Optimize Preprocessing Computation

Model Optimizer performs preprocessing to a model. It is possible to optimize this step and improve first inference time, to do that, follow the tips bellow:

  • Image mean/scale parameters

    Make sure to use the input image mean/scale parameters (--scale and –mean_values) with the Model Optimizer when you need pre-processing. It allows the tool to bake the pre-processing into the IR to get accelerated by the Inference Engine.

  • RGB vs. BGR inputs

    If, for example, your network assumes the RGB inputs, the Model Optimizer can swap the channels in the first convolution using the --reverse_input_channels command line option, so you do not need to convert your inputs to RGB every time you get the BGR image, for example, from OpenCV*.

  • Larger batch size

    Notice that the devices like GPU are doing better with larger batch size.
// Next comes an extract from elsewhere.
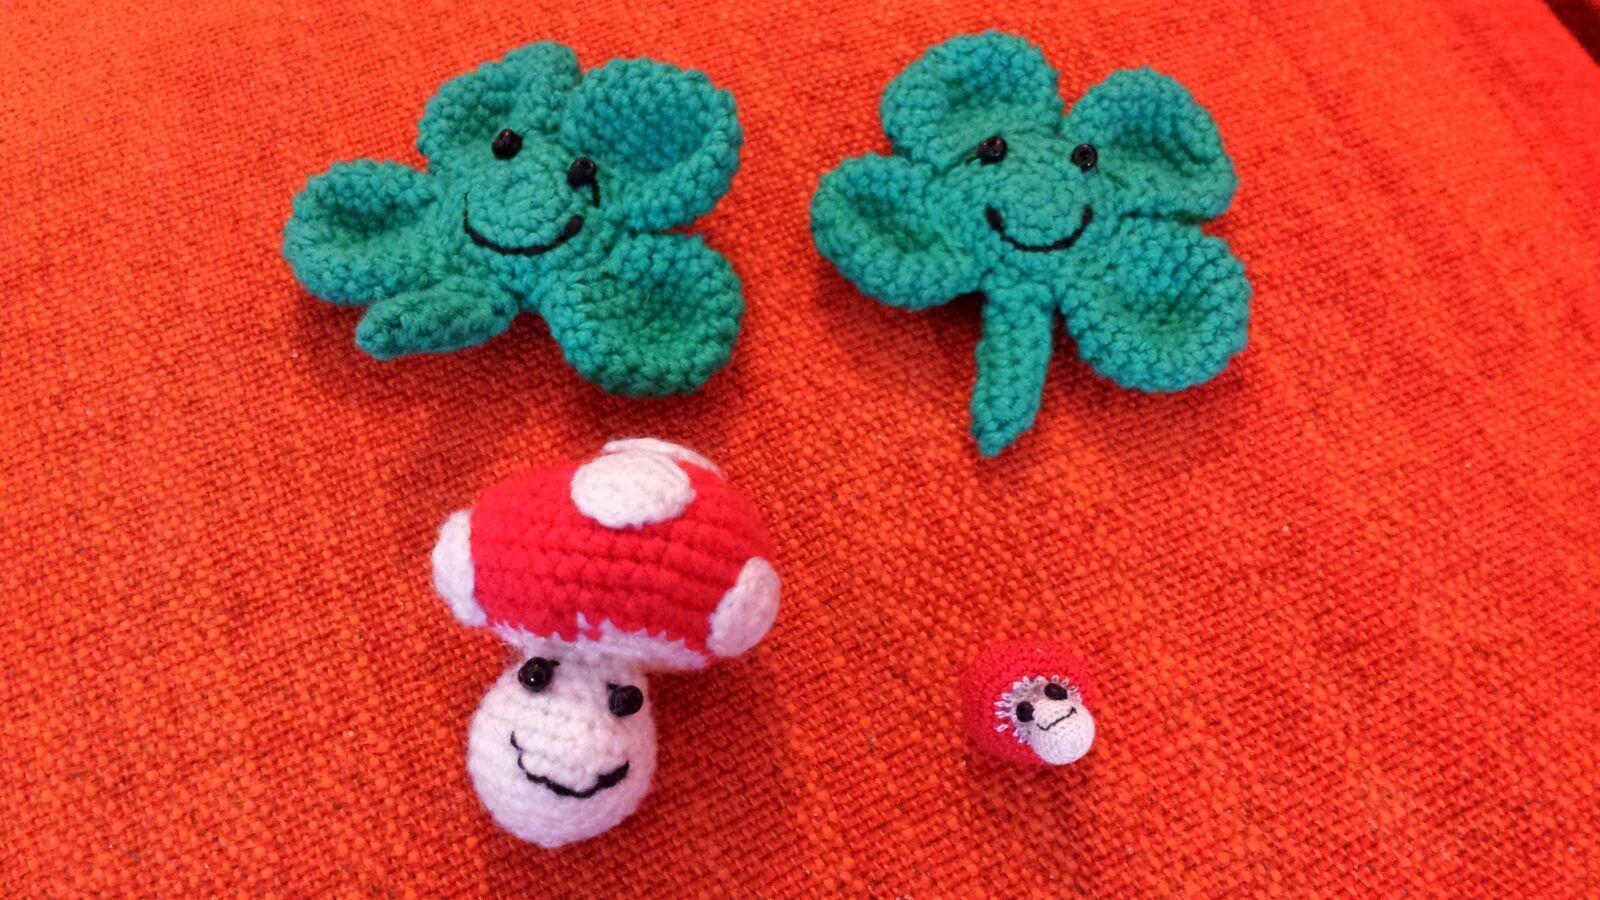 Some New Crochet Projects Crochet Haken Luckycharms

While it is possible to set the batch size in the runtime using the Inference Engine ShapeInference feature.

  • Resulting IR precision

    The resulting IR precision, for instance, FP16 or FP32, directly affects performance. As CPU now supports FP16 (while internally upscaling to FP32 anyway) and because this is the best precision for a GPU target, you may want to always convert models to FP16. Notice that this is the only precision that Intel Movidius Myriad 2 and Intel Myriad X VPUs support.